Speaking of sports and the Baur Curse, and pardon me if
you don't care, but I was watching glimpses of the Notre Dame game Saturday in
between running kids hither and yon, and I remember another classic
example of Baur family bad luck.
In 1970 we had just moved to L.A., and
one of the guys who worked for my father had played football for
Notre Dame. He got dad two tickets to watch the Irish play Southern
Cal, on the Notre Dame side of the stands. We were rooting for the
Golden Domers, of course. (And for those of you who don't know, the
Notre Dame Fighting Irish are sometimes referred to as the Golden
Domers because of their gold helmets and the gold dome of the campus
chapel.)
The Irish were ranked second in
the nation, had only lost one game, if memory serves. They had Joe Theisman at
quarterback. SC was having a down year, they were 5-4. We
had great seats, between the 40s, about 15 rows up, and were excited for the chance to cheer for our favorite team.
It was ugly. On a cold, gray day,
USC came out of nowhere and shut the Irish down. The score was close,
but the game wasn't. There was just no sense that Notre Dame was
going to get anything going, and USC cruised to victory.
And somewhere, about five or six rows
behind us, was a fan who felt like he knew what Notre Dame
should be doing and kept offering his advice to Coach Parseghian.
With leather lungs that pierced the
gloom of the subdued Notre Dame rooting section, he kept shouting,
"Give it to the Tank!' No. 24! Gutowski! Give it to the Tank!"
His advice began in the second quarter,
and continued unabated through the rest of the game. Every time Notre
Dame had the ball, "Give it to the Tank! Gutowski!" louder and more insistent as the game wore to its dismal conclusion.
After the game, Dad and I started our slog back to the car, which we had parked on the streets instead of paying for parking. Naturally, we couldn't find it. And it started
raining.
For those unfamiliar with Los
Angeles, Memorial Coliseum is not located in the best part of town.

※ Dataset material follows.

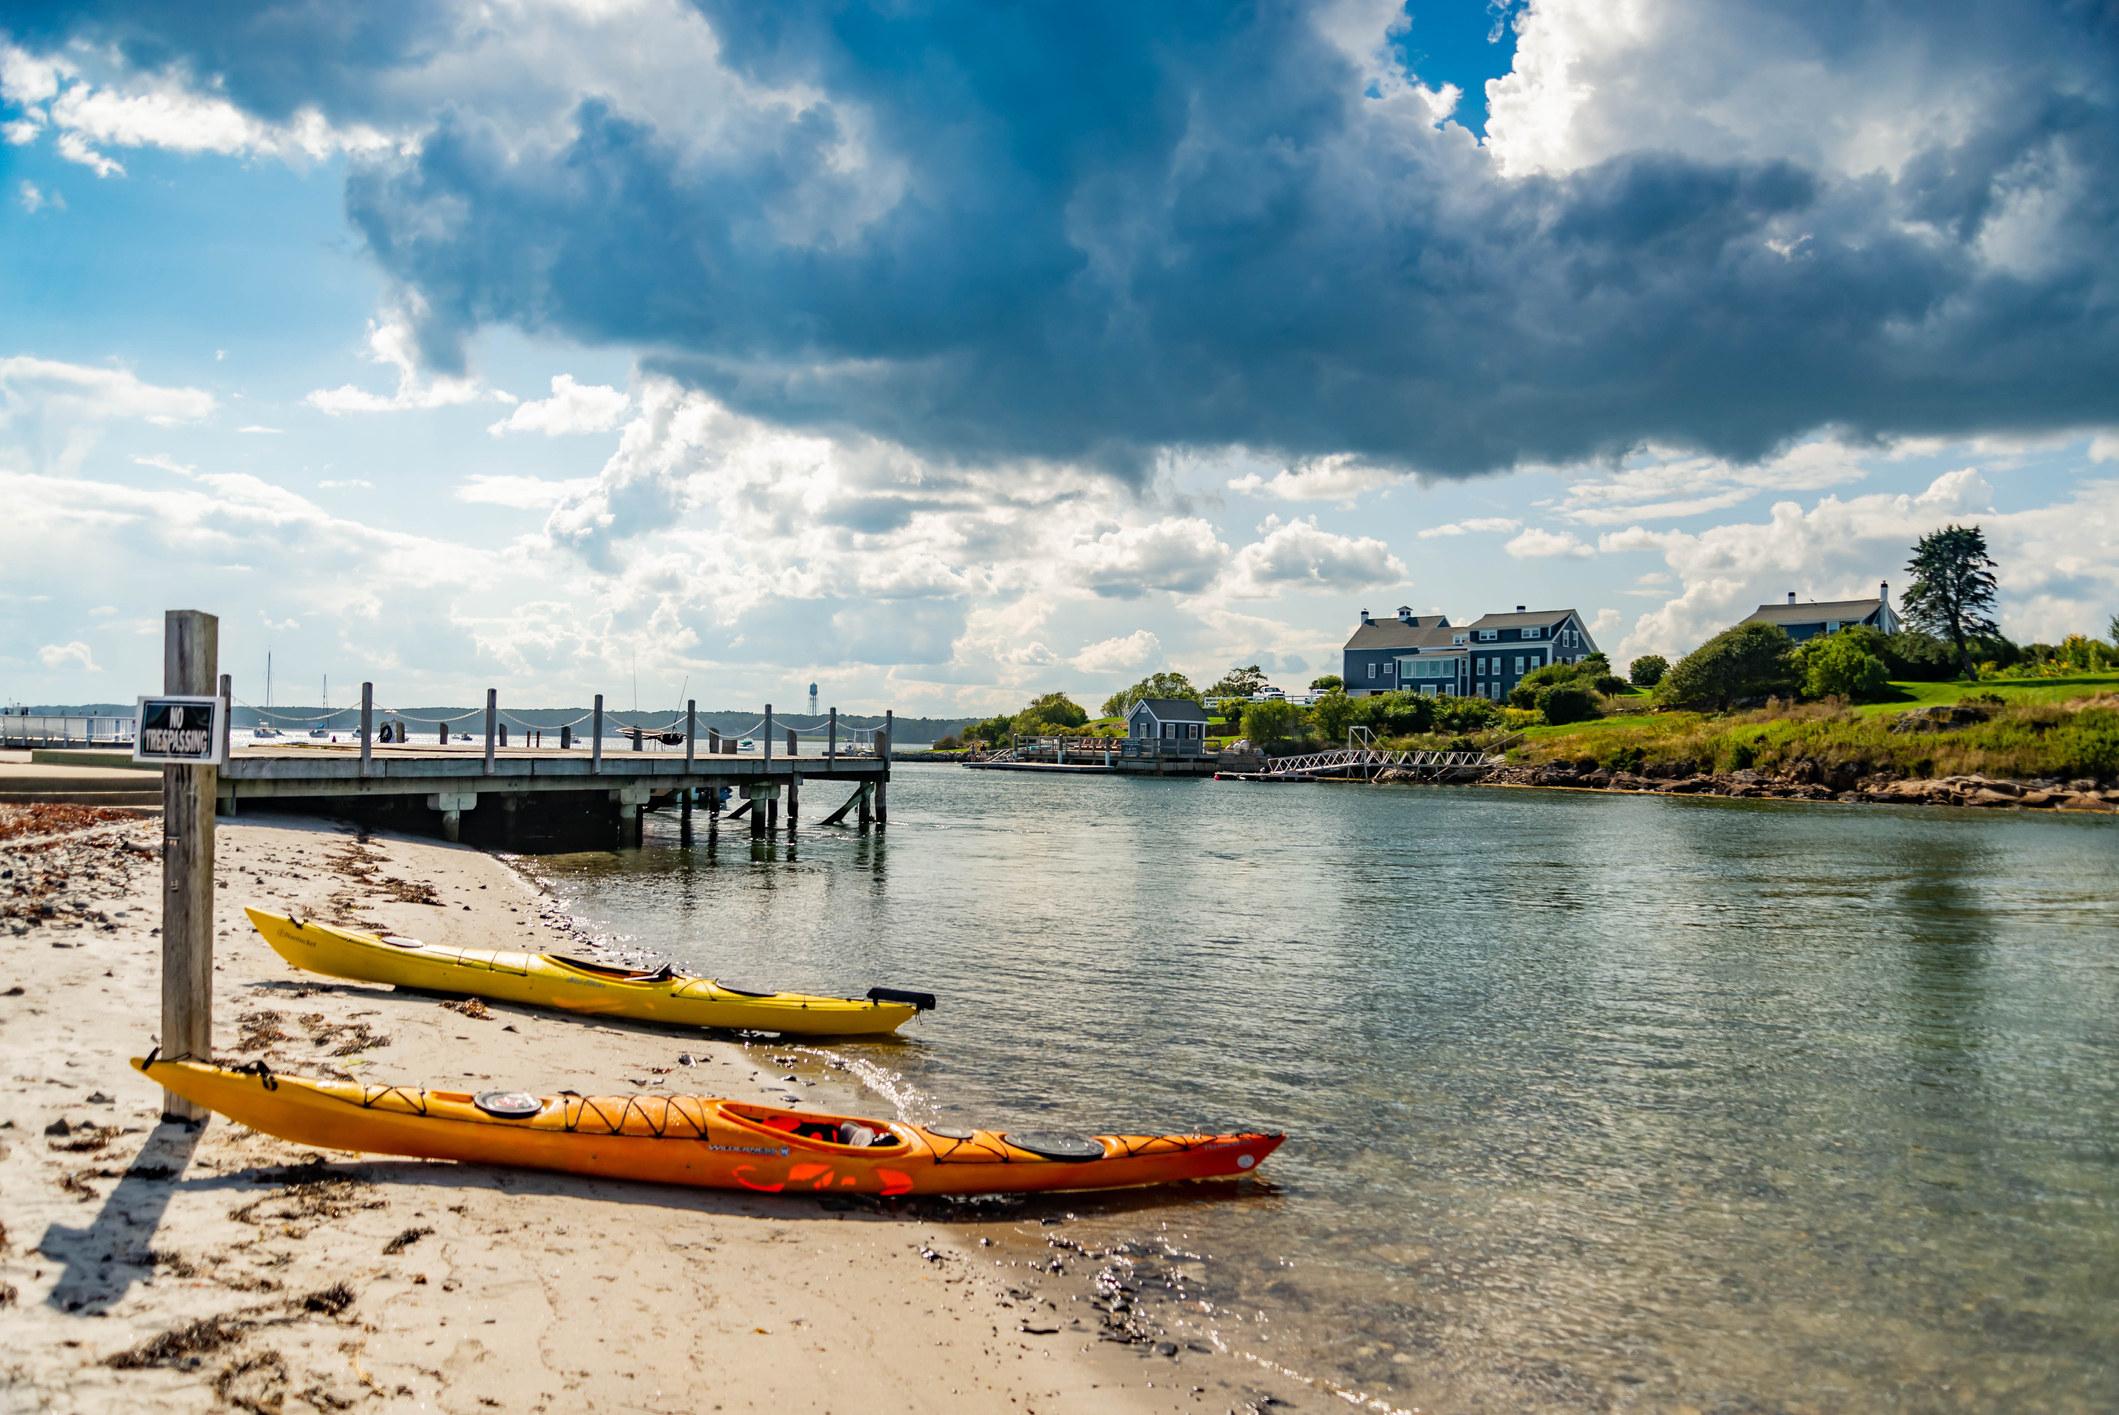 Kayaks on the beach in Maine

It's in South Central L.A., Watts, which just a few years earlier had
been torn apart by the race riots of the '60s. Boarded up, burned out
buildings dotted every block. It was not a great place for a small,
middle-aged white guy and his 15-year-old son to wander from
street to street.
Fortunately, the rain poured down in
sheets. No one in their right mind would have been out but us. Water
came up over the curbs, we were wading half the time. It goes without saying that
we had brought no rain gear.
We finally found the car, about 45
minutes later, and drove home.
So don't think the family's bad mojo
only affects the teams we root for. It has plenty left over to splash
all over us as well.
Update/Correction: In an earlier version of this post I said the Saints would play the Packers next week. Stupid. They played them a week ago. They're on their bye now, and in two weeks they get Tampa, which hasn't been p-laying any better than they do. LSU, however, hosts South Carolina next weekend, and the Gamecocks last week butchered a very good Georgia team. So that might not be good.